For those who haven't seen my topic in *Introductions & Greetings*, I'm gonna describe the setup again.
It's a 5G tank, with playground sand, an AquaClear30 filter, and AQUA-GLO 15W light.
Until recently it had transformed in a jungle made by lots of rotala rotundifolia stems and a bunch of moss in the foreground. But i gave it a military buzz cut  and i'm trying a different look to it, with more open spaces. All I want is to see my god damn shrimpies  , without searching for them for 5 minutes.
I realize the new aquascape is still fresh and it has to "grow-in" a bit more, but I couldn't help myself from takin a couple of pics and starting a journal  
the inhabitants are a bunch of MTS and 2 apple snails, 6 adult RCS and a bunch of their babies.
Here are the pics:


----------



## Ciddian (Mar 15, 2006)

The backing is pretty cool too! 

I am excited to see this grow in...


----------



## Tabatha (Dec 29, 2007)

Moonraker a la James Bond? Looking forward to it growing in too!


----------



## ozi (Aug 23, 2007)

Nothing much has happened in the past 2 weeks, except for the riccia which has grown quite a bit and so did the RCS babies (judging from their size, there's 3 generations of them). 
And because pictures say more than a million words here are some new pics from today.
here you can see how much riccia grew in 2 weeks, completely covering the mesh:








and some overall pics:
















I'm not really happy with the current background plants (the moss and the 3 stems of bacopa monnieri), and I want to change them with something else...but I still don't know what. I was thinking of maybe tying the moss to rocks, so that it grows somewhat like a lawn, but higher than the riccia in the foreground. Any suggestions are welcomed.


----------



## Tabatha (Dec 29, 2007)

Wow, I love the ricca, I have to get some!!!

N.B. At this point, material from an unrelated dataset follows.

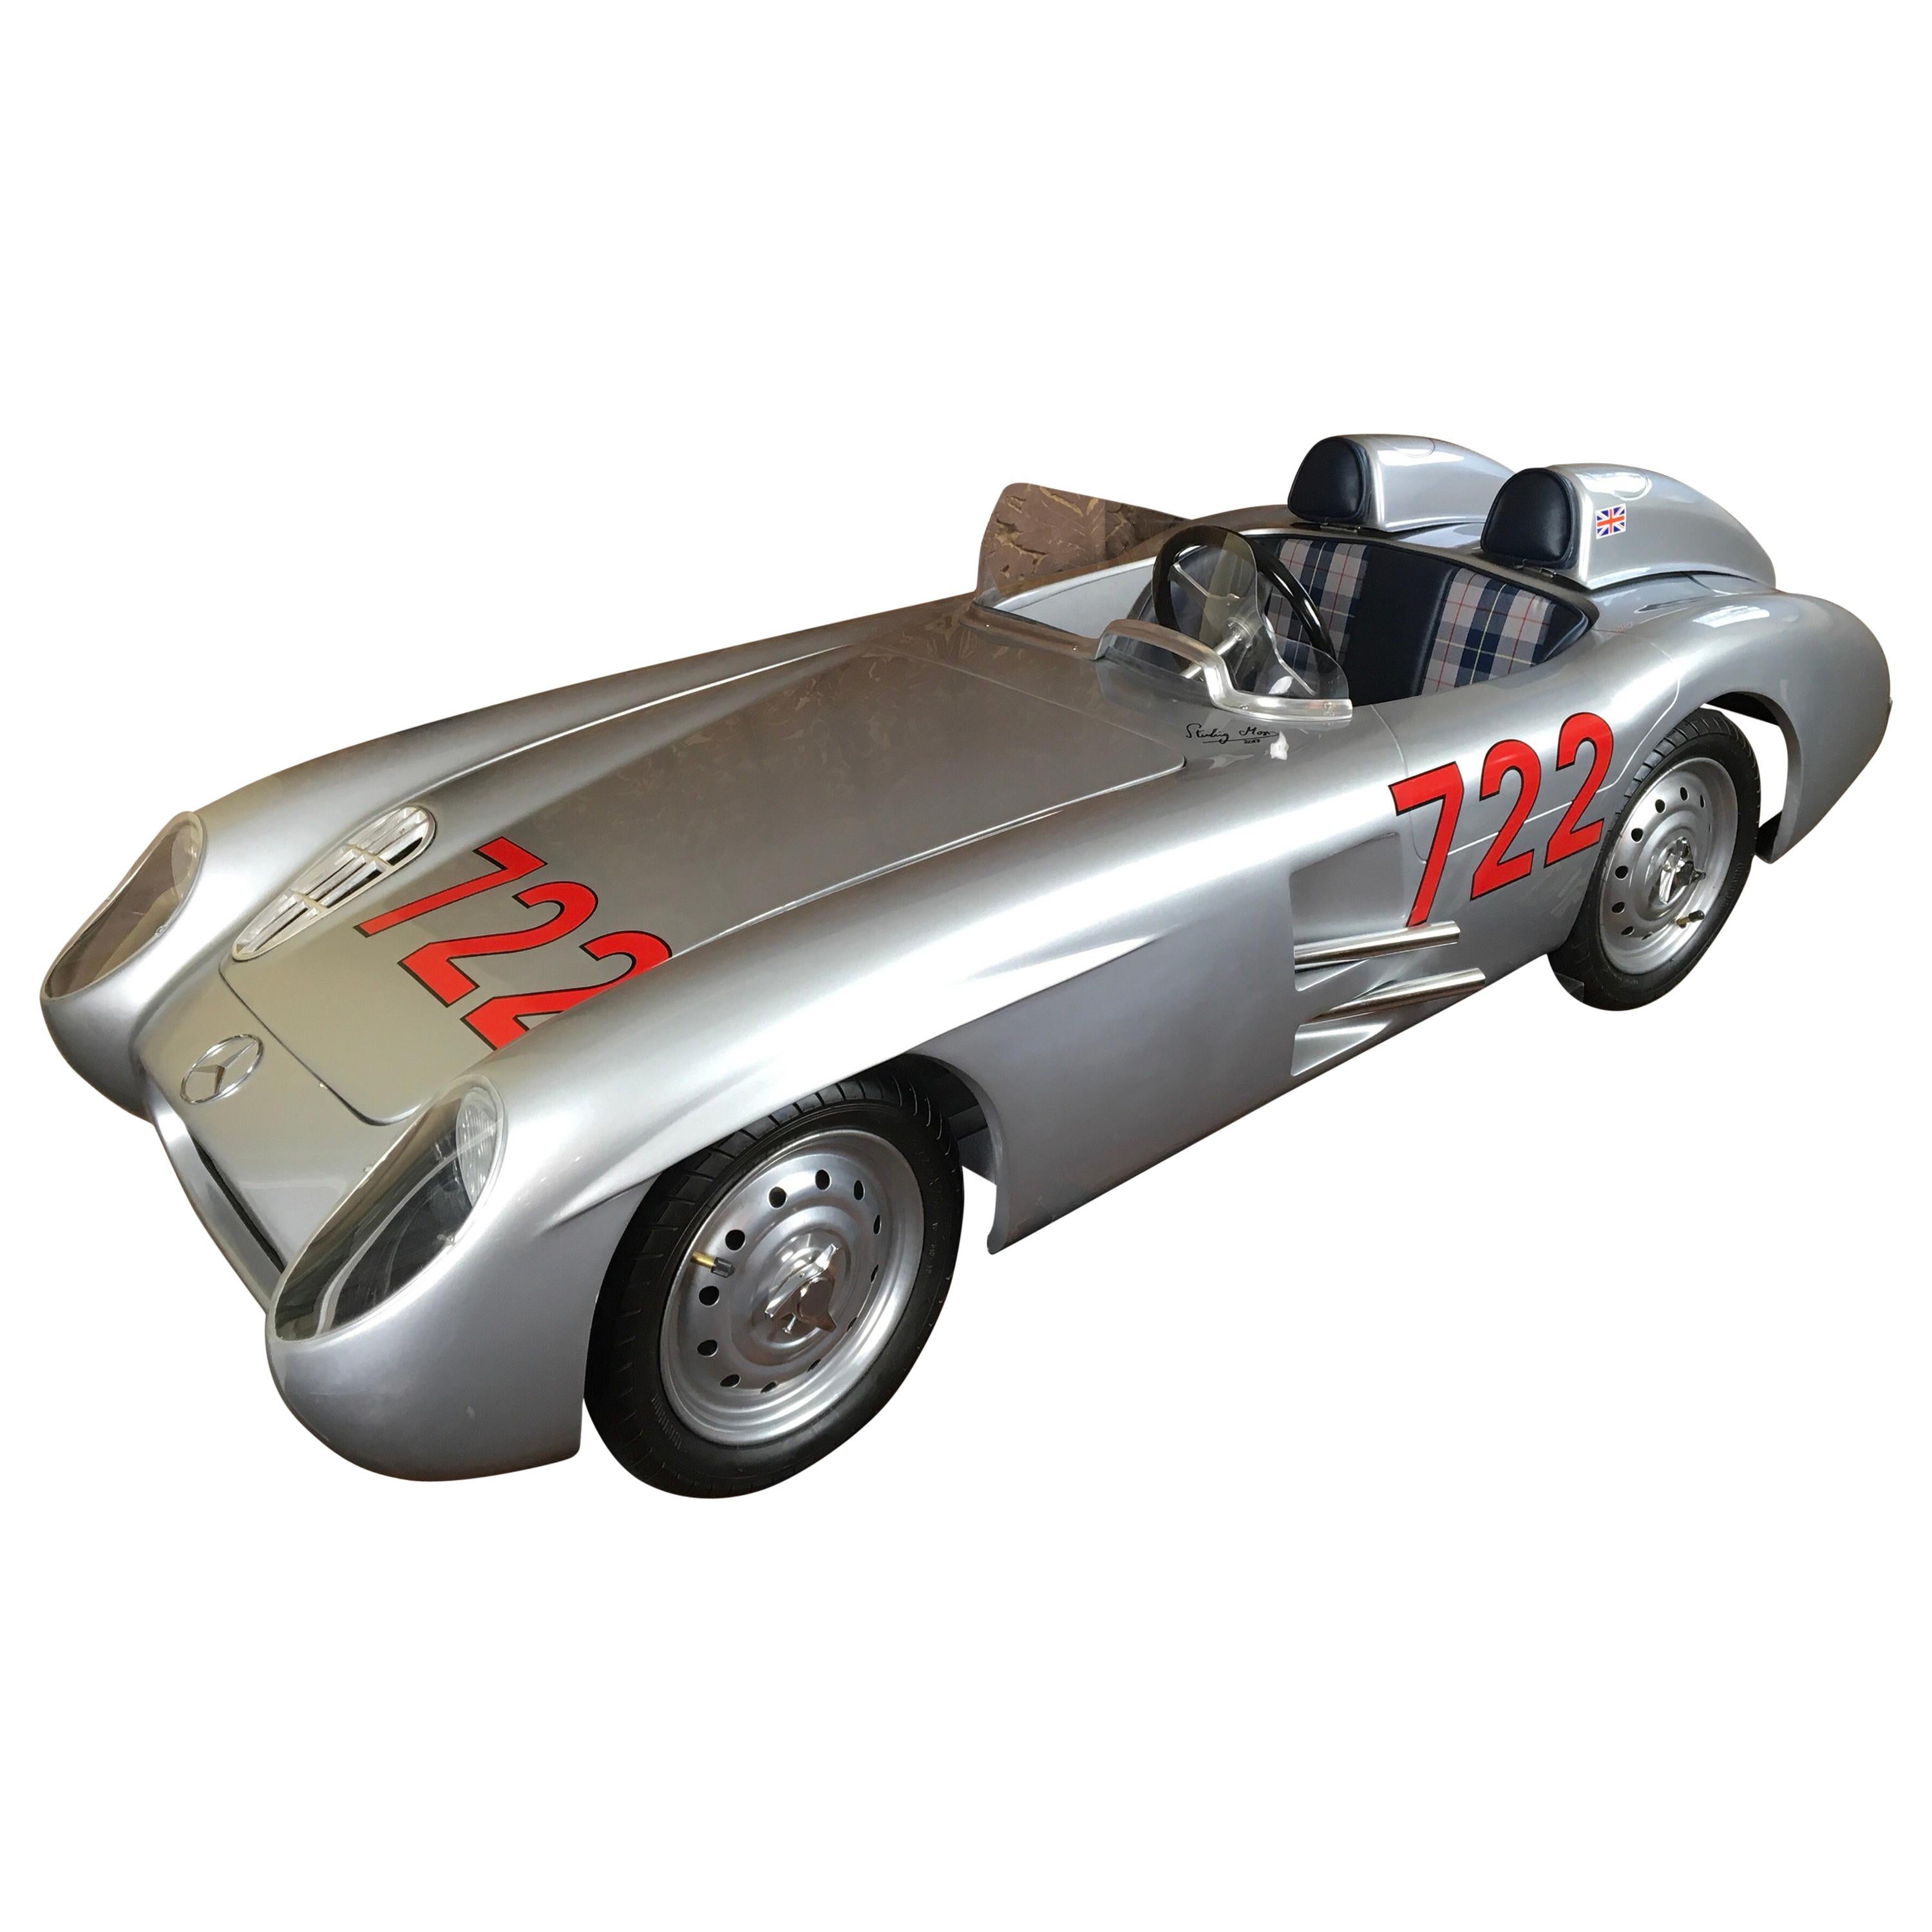 1/2 Scale Mercedes-Benz 300 SLR 722 Junior Car, Signed by Sir Stirling Moss 
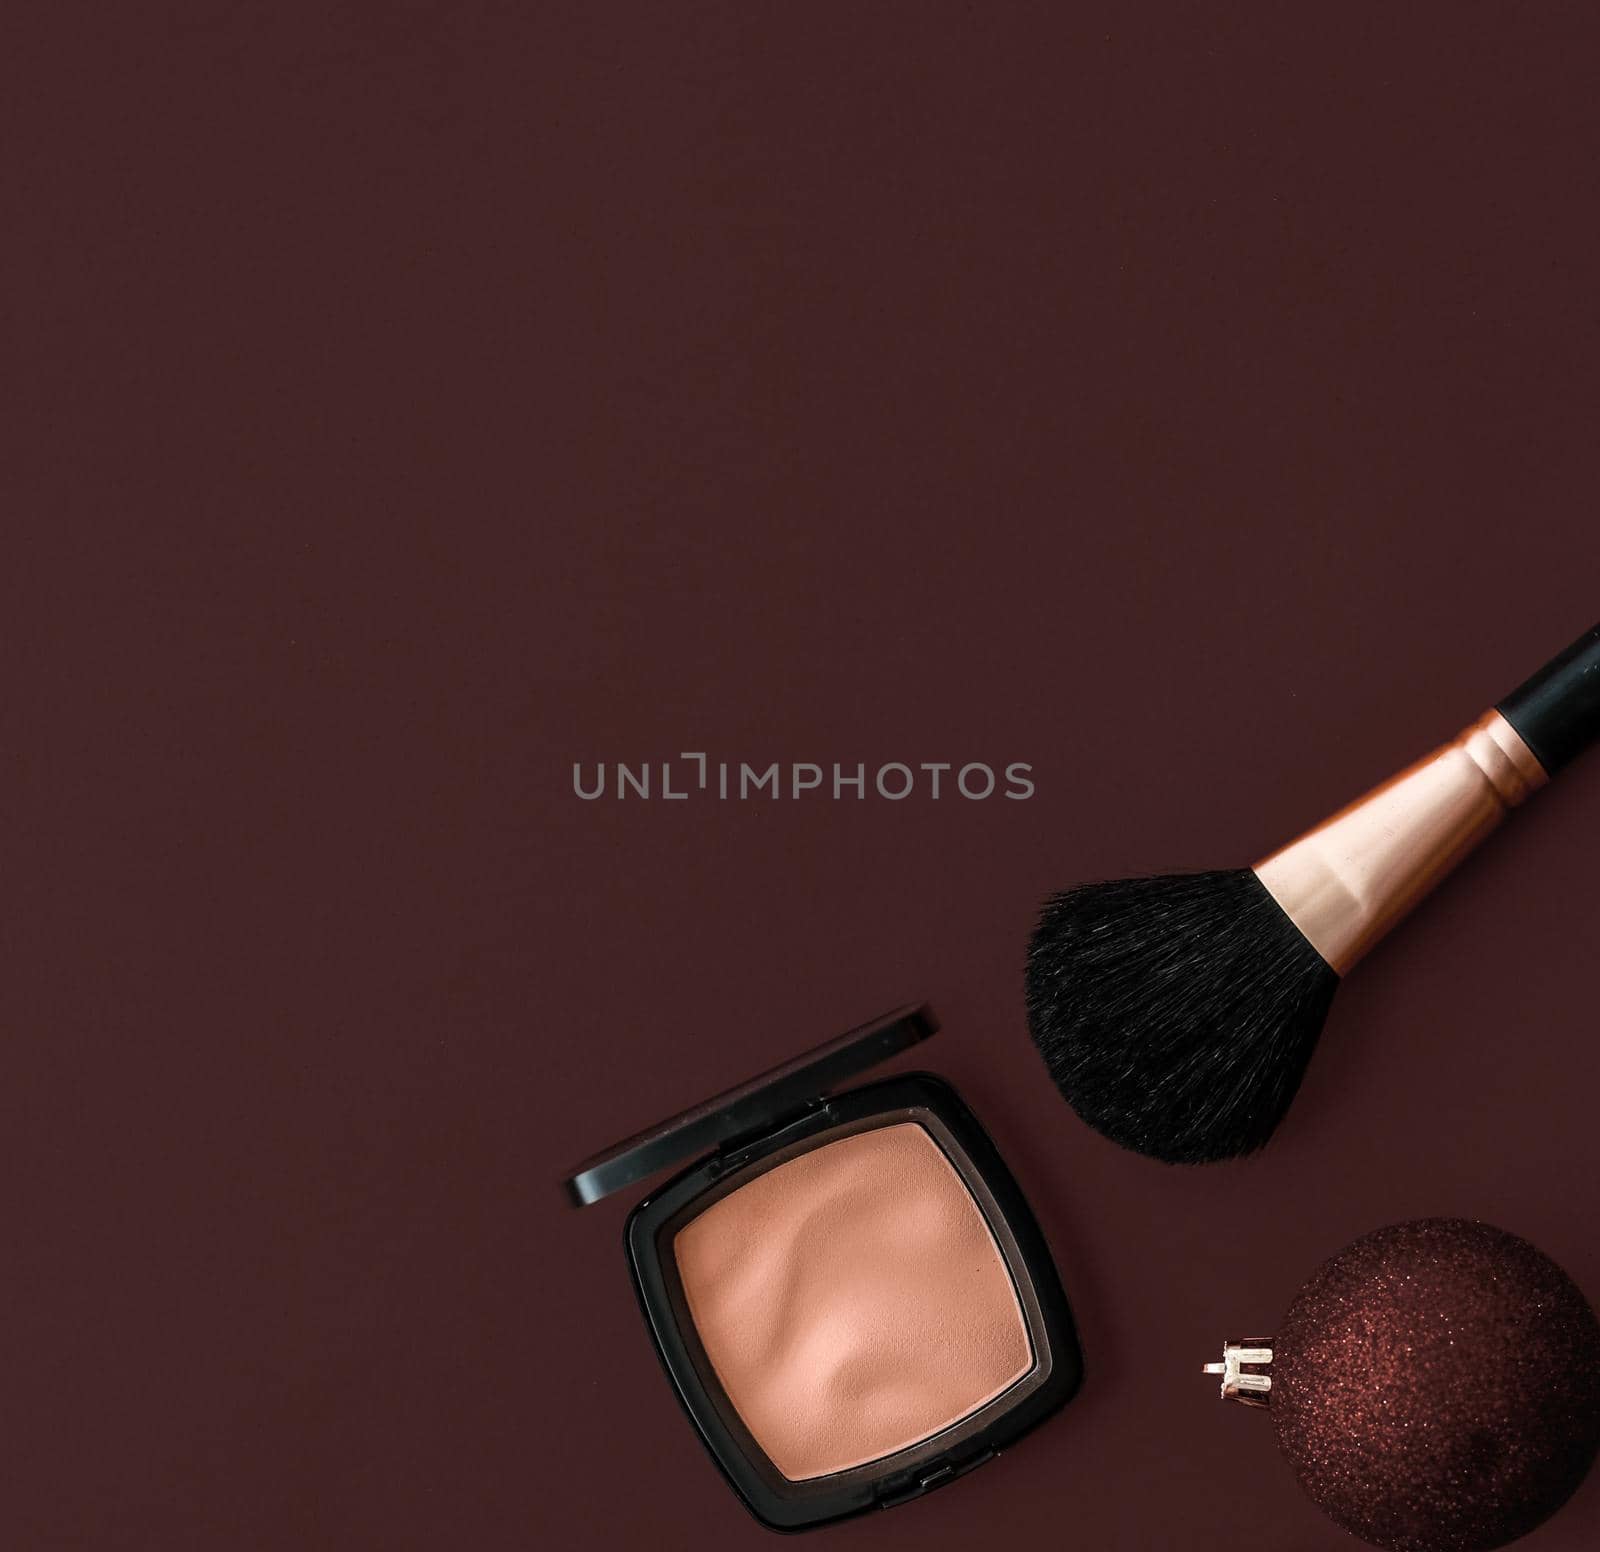 Cosmetic branding, fashion blog cover and girly glamour concept - Make-up and cosmetics product set for beauty brand Christmas sale promotion, luxury chocolate flatlay background as holiday design

How about Brazilian pennywort for the background? It's apparently easy and fast growing. http://www.plantedtank.net/forums/myplants/90-Brazilian_Pennywort_Hydrocotyle_leucocephala.html

Would have loved to have seen your tank before the haircut!


----------



## ozi (Aug 23, 2007)

Unfortunately I thought of taking a picture of "the nano jungle" only when i was with my hands in the tank, and half of the plants taken out already  
Riccia is truly awesome, i love it sooo much  
Thanks for the suggestion with pennywort...but i don't think i'm gonna give it a try  It's not really the type of plant suited for a 5 G nano, because it will grow all the way to the surface and it has big leaves...I'm looking for something with smaller leaves, so that the plants don't give the impression of a small tank.
I might try to plant some Micranthemum umbrosum in the background...or maybe half with M umbrosum and the other half with moss tied to rocks. And whichever will grow and look better will remain in the end.


----------



## Westender (Mar 24, 2006)

It looks sort of like a planet setting from Star Trek 1st generation. 

I think I need to start a nano in my office.


----------